• Supplied material:
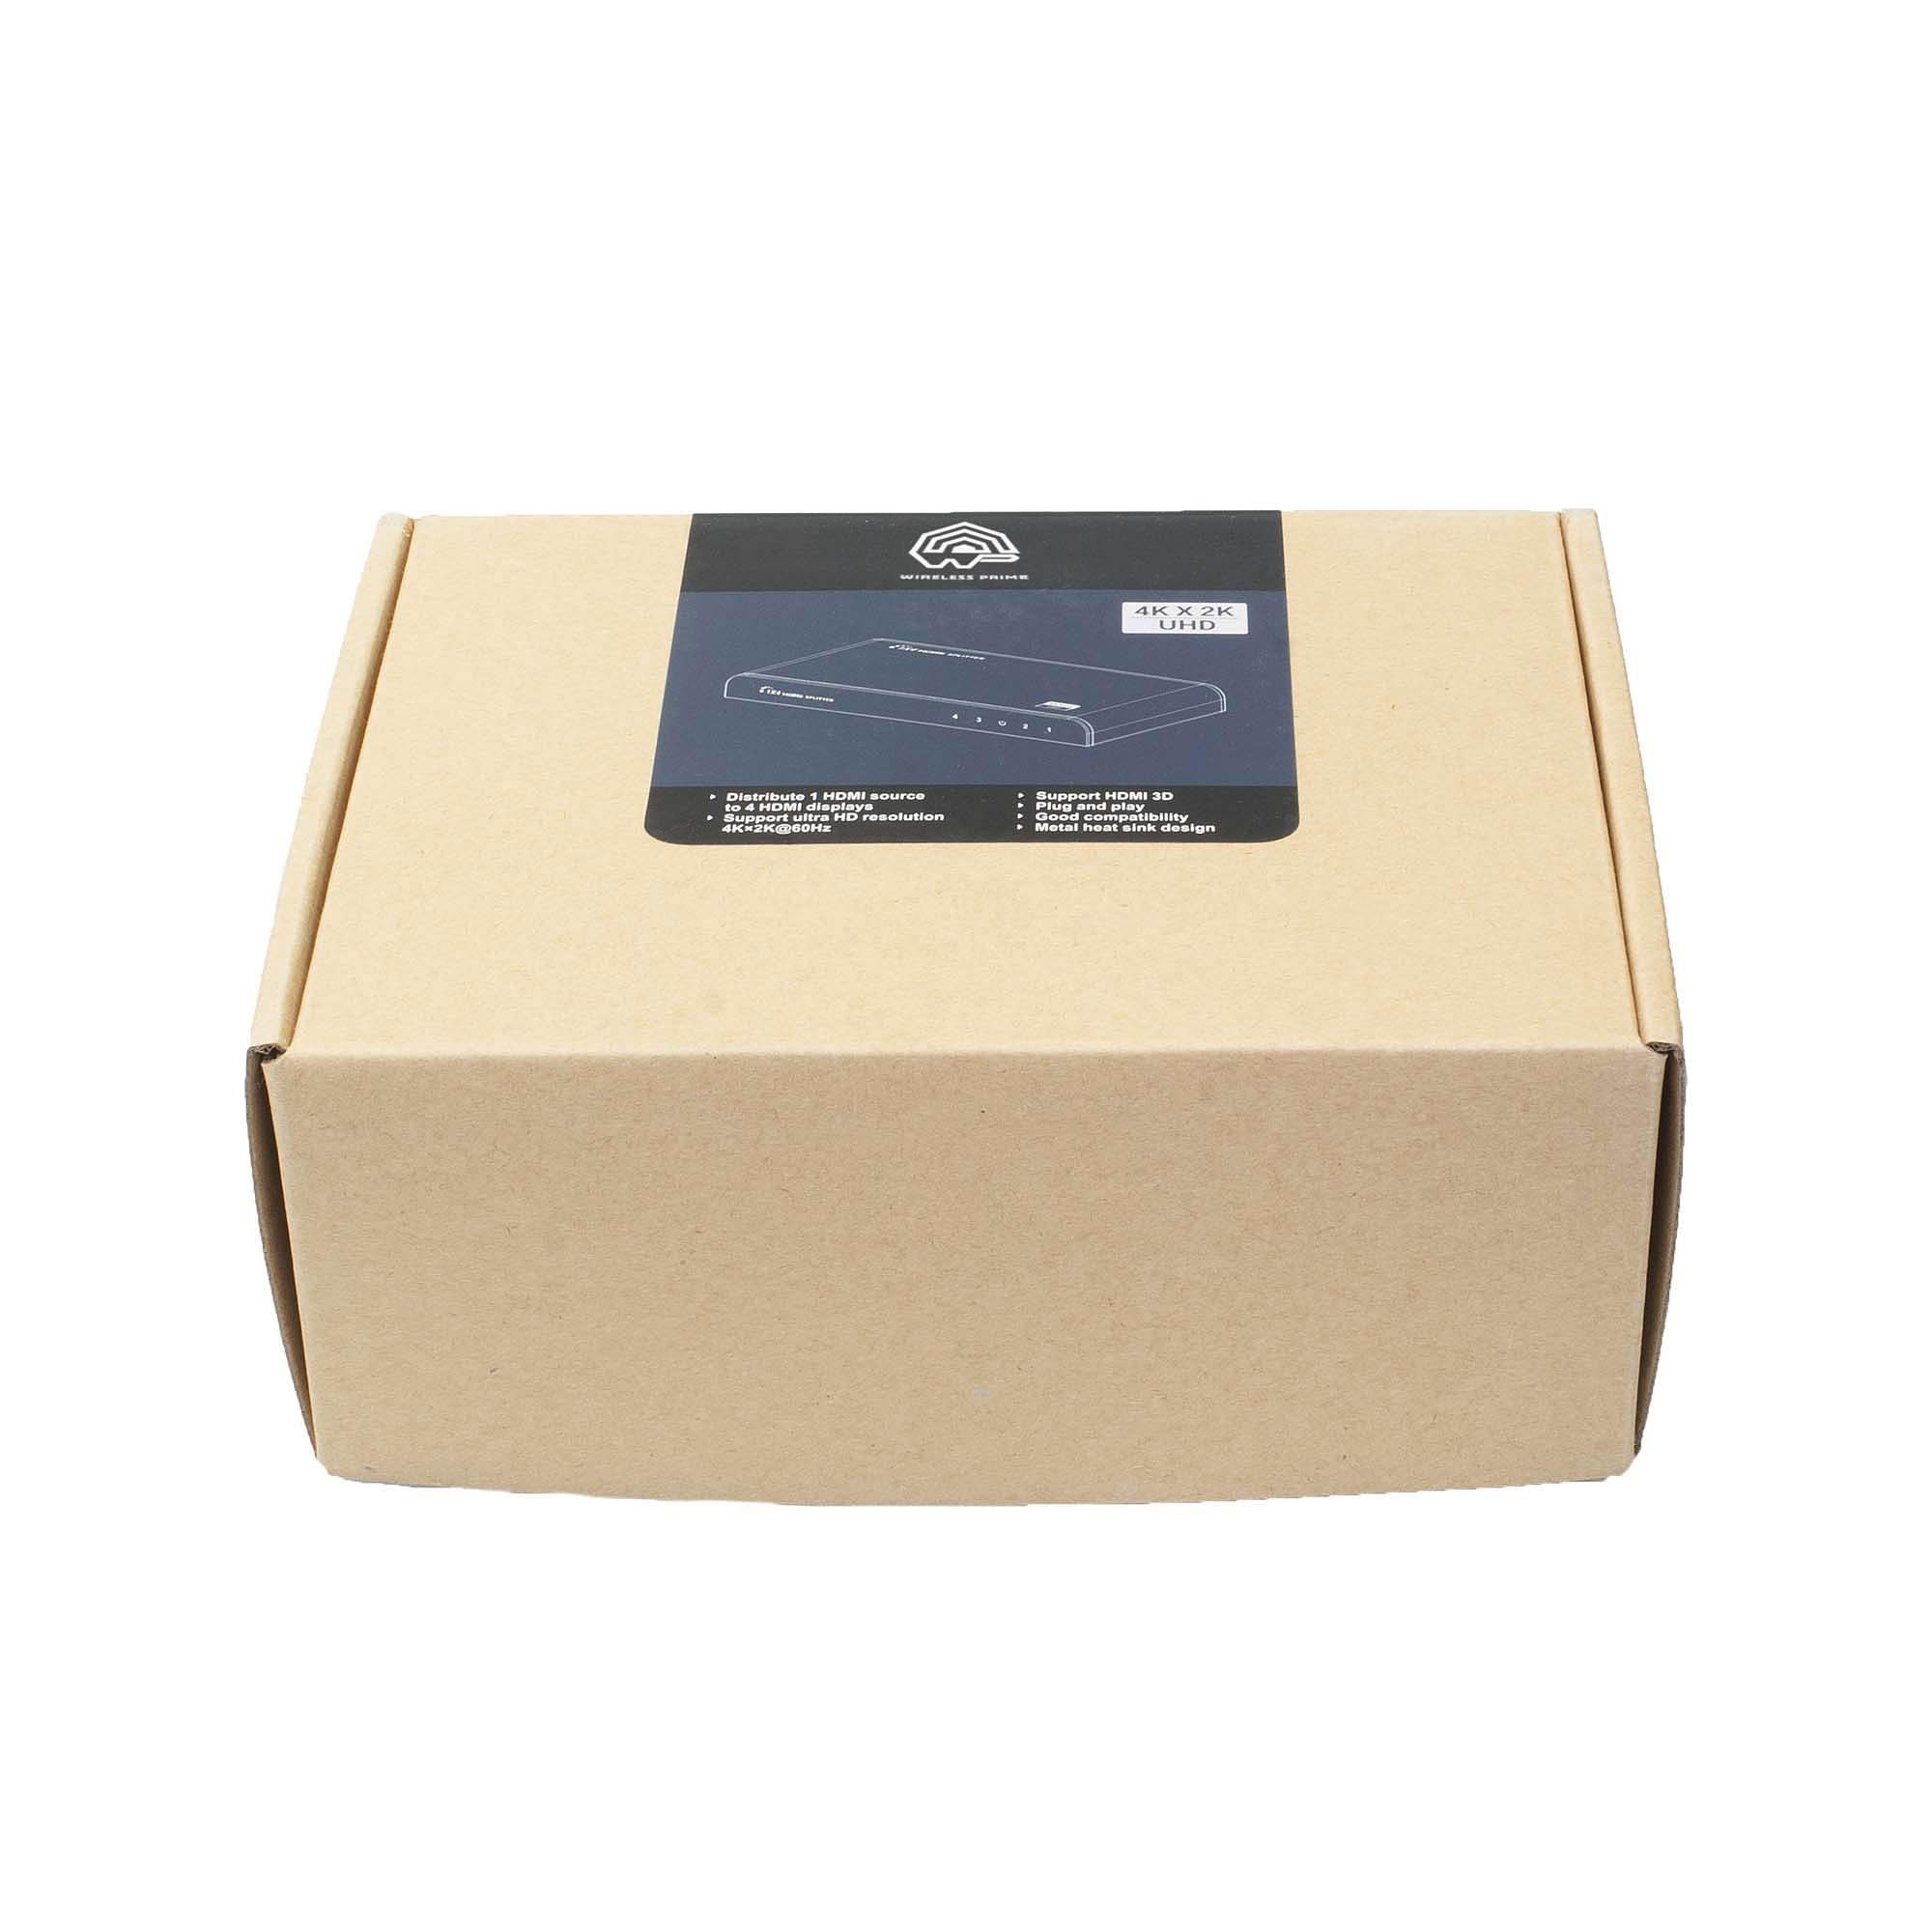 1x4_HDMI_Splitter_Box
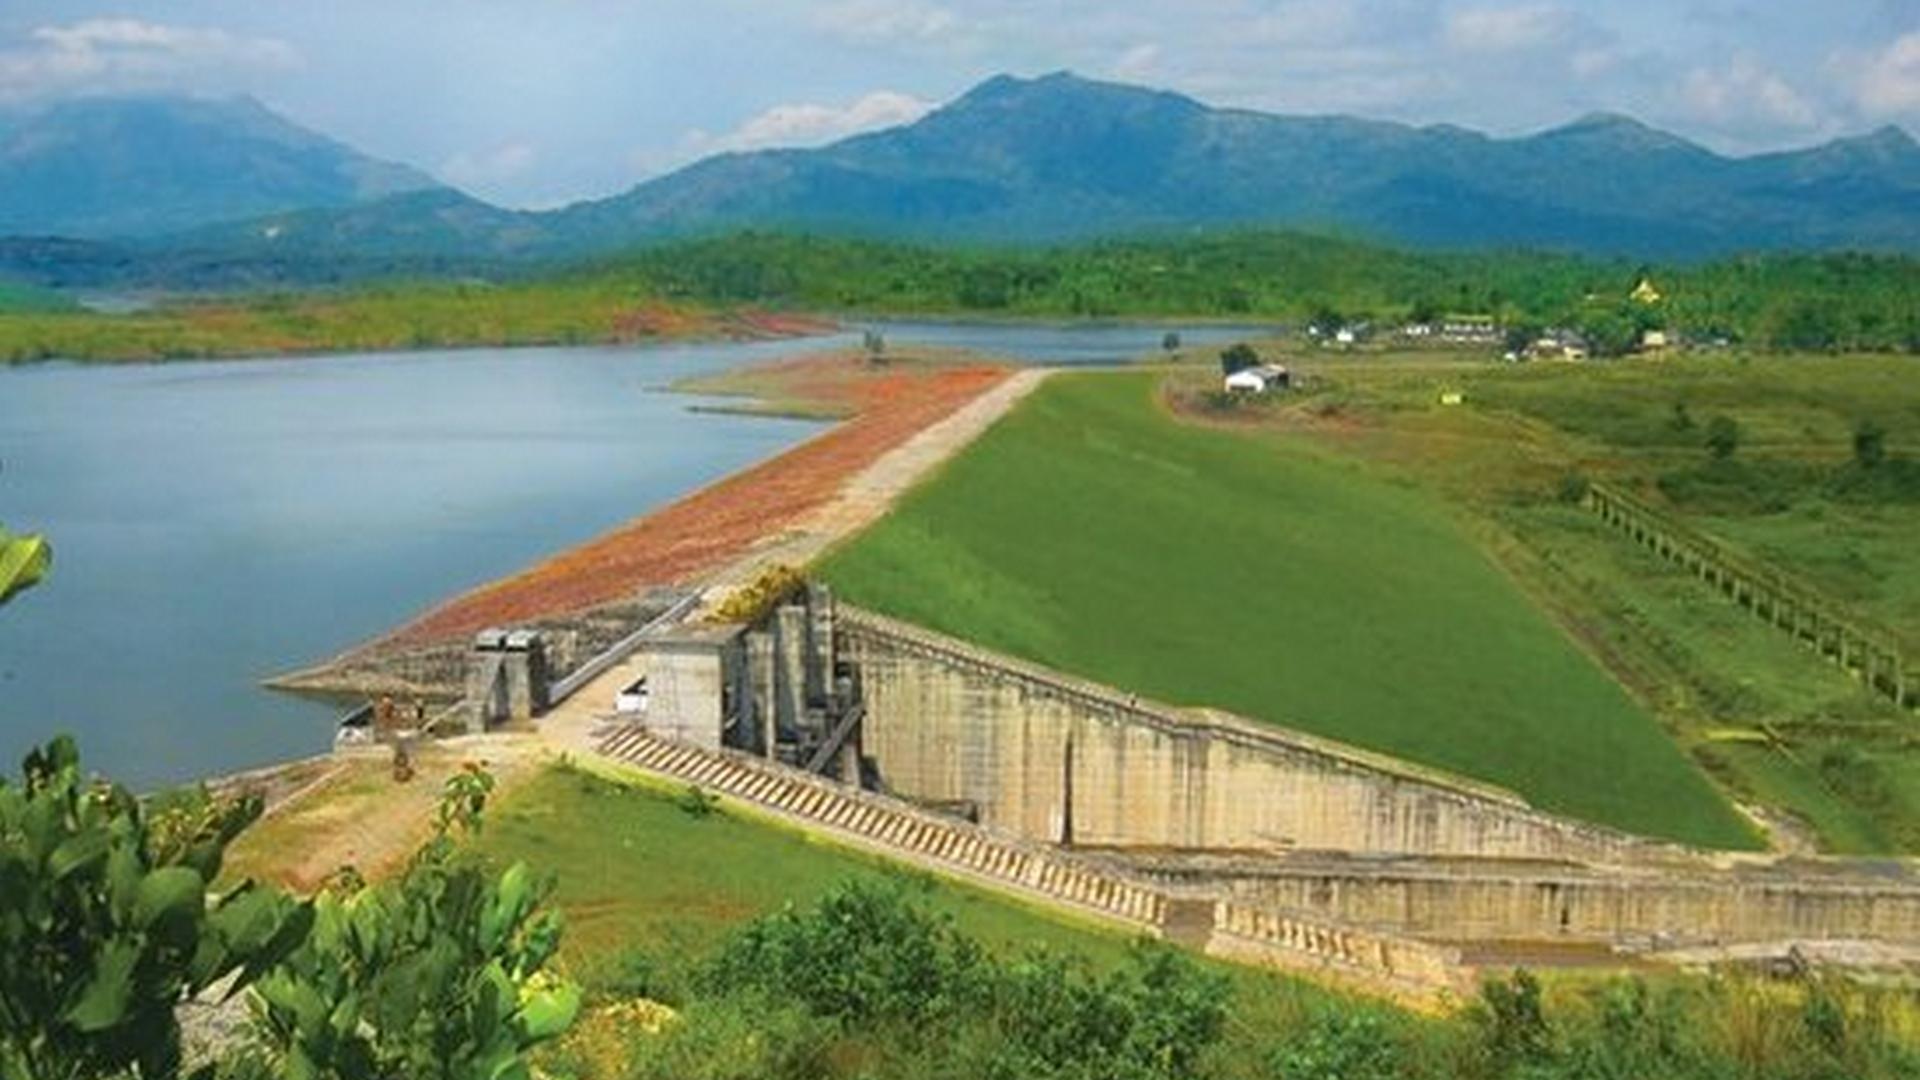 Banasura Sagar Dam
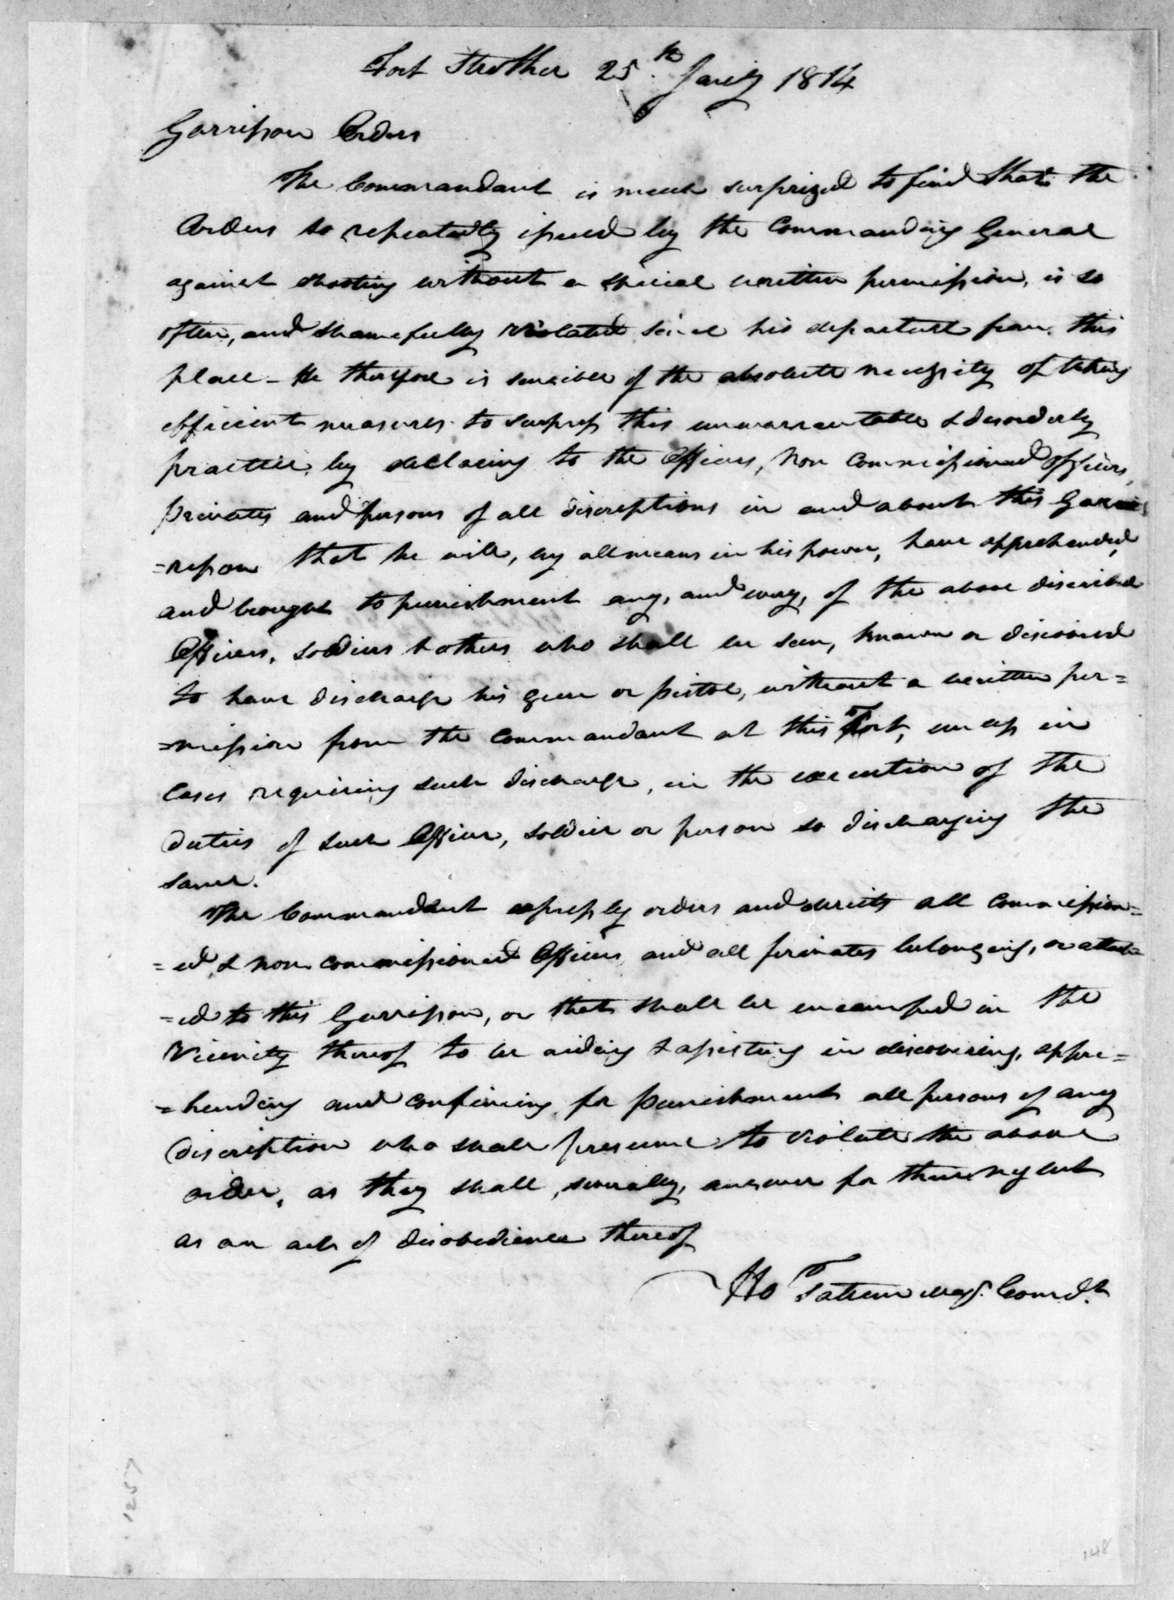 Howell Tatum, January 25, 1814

• Task goal: Output each line above exactly as it stands, omitting the pictures.

• Answer to the exercise:
 1x4_HDMI_Splitter_Box
 Banasura Sagar Dam
 Howell Tatum, January 25, 1814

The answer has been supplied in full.